# Hibernate für Eclipse



## ottens (9. Mai 2009)

Hi alle ,

bitte euch um Hilfe bin noch am studieren komme ziemlich mit java klar und habe ein JSF_Project erstellt und ich kann zwischen den Seiten hin und her wandern möchte aber gerne auf DatenBank mit Hibernate zugreifen aber wie macht man das.

die Frage kann man mir so schritt für schritt mir helfen wie ich die
DB und Hibernate (BEIDE) mit Eclipse integrieren kann,da hier meine schwäche liegt .

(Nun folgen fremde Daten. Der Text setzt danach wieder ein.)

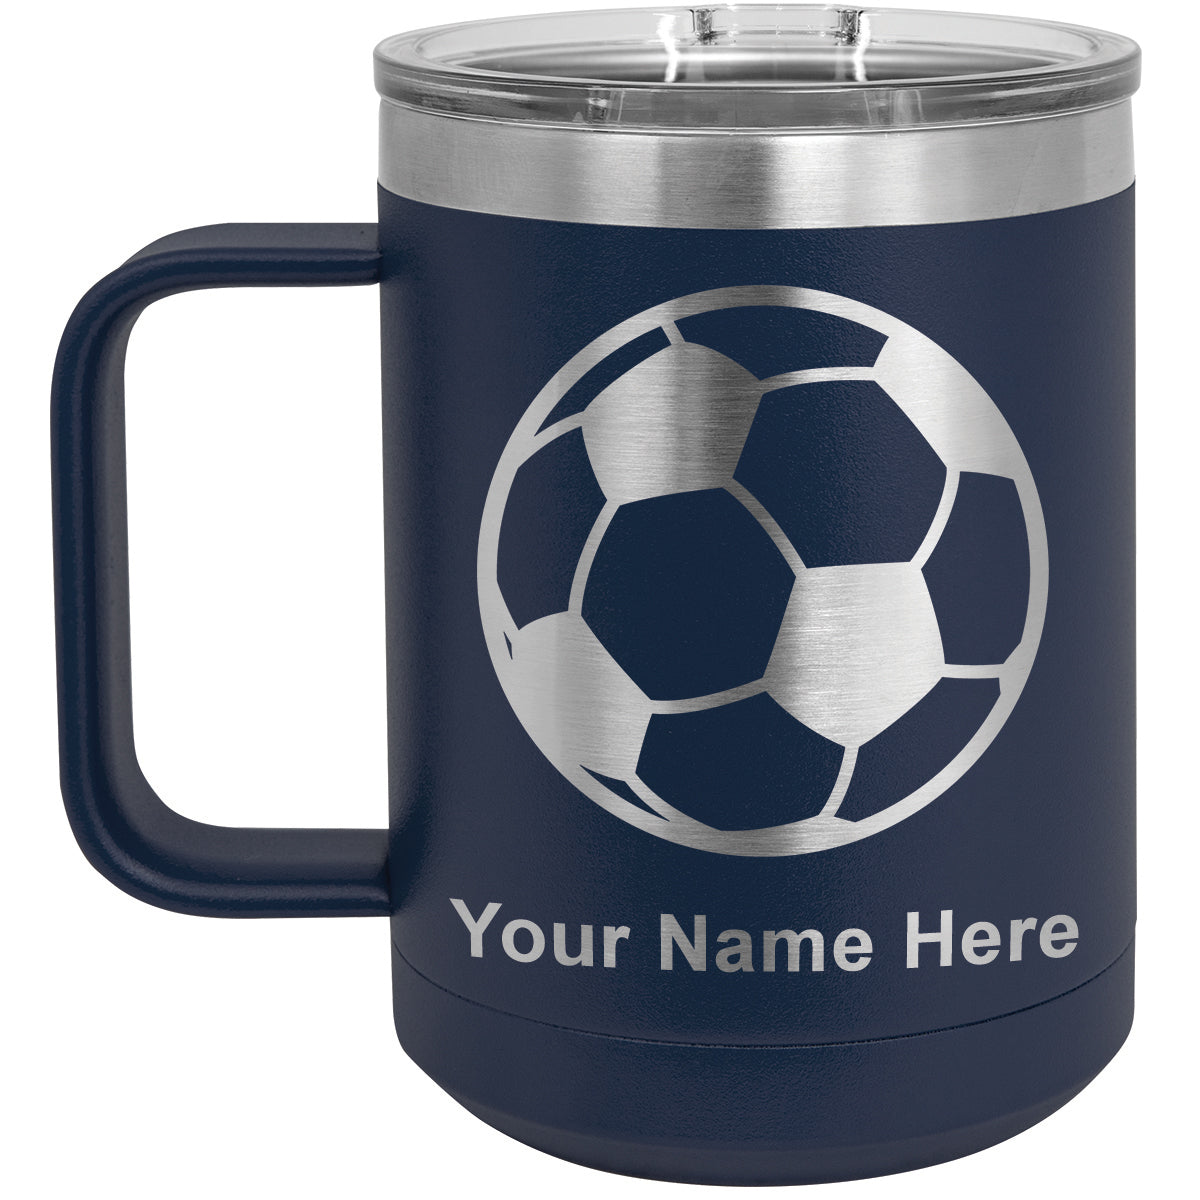 15oz Vacuum Insulated Coffee Mug, Soccer Ball, Personalized Engraving Included

sitze schon seit ewig ohne Erfolg :rtfm: .

danke .

ottens


----------



## foobar (9. Mai 2009)

Was genau läuft denn nicht?

Hier ist alles ganz gut beschrieben: HIBERNATE - Relational Persistence for Idiomatic Java

Am besten verwendest du Hibernate erstmal in einer Java SE Anwendung bevor du dich mit JSF+Hibernate beschäftigst.


----------



## ottens (12. Mai 2009)

ja Hi nette Antwort mensch , also wie kann man Z.B MYSQL und Hibernate in Eclipse integrieren ,so dass wenn ich beim anlegen Z.B. eine neue Person (Eintrag) durch JSF-Seite,dass diese Person mit allen angaben in der Datenbank gespeichert werden kann, zur Person gehoren Z.B. String name, Wohnort etc.  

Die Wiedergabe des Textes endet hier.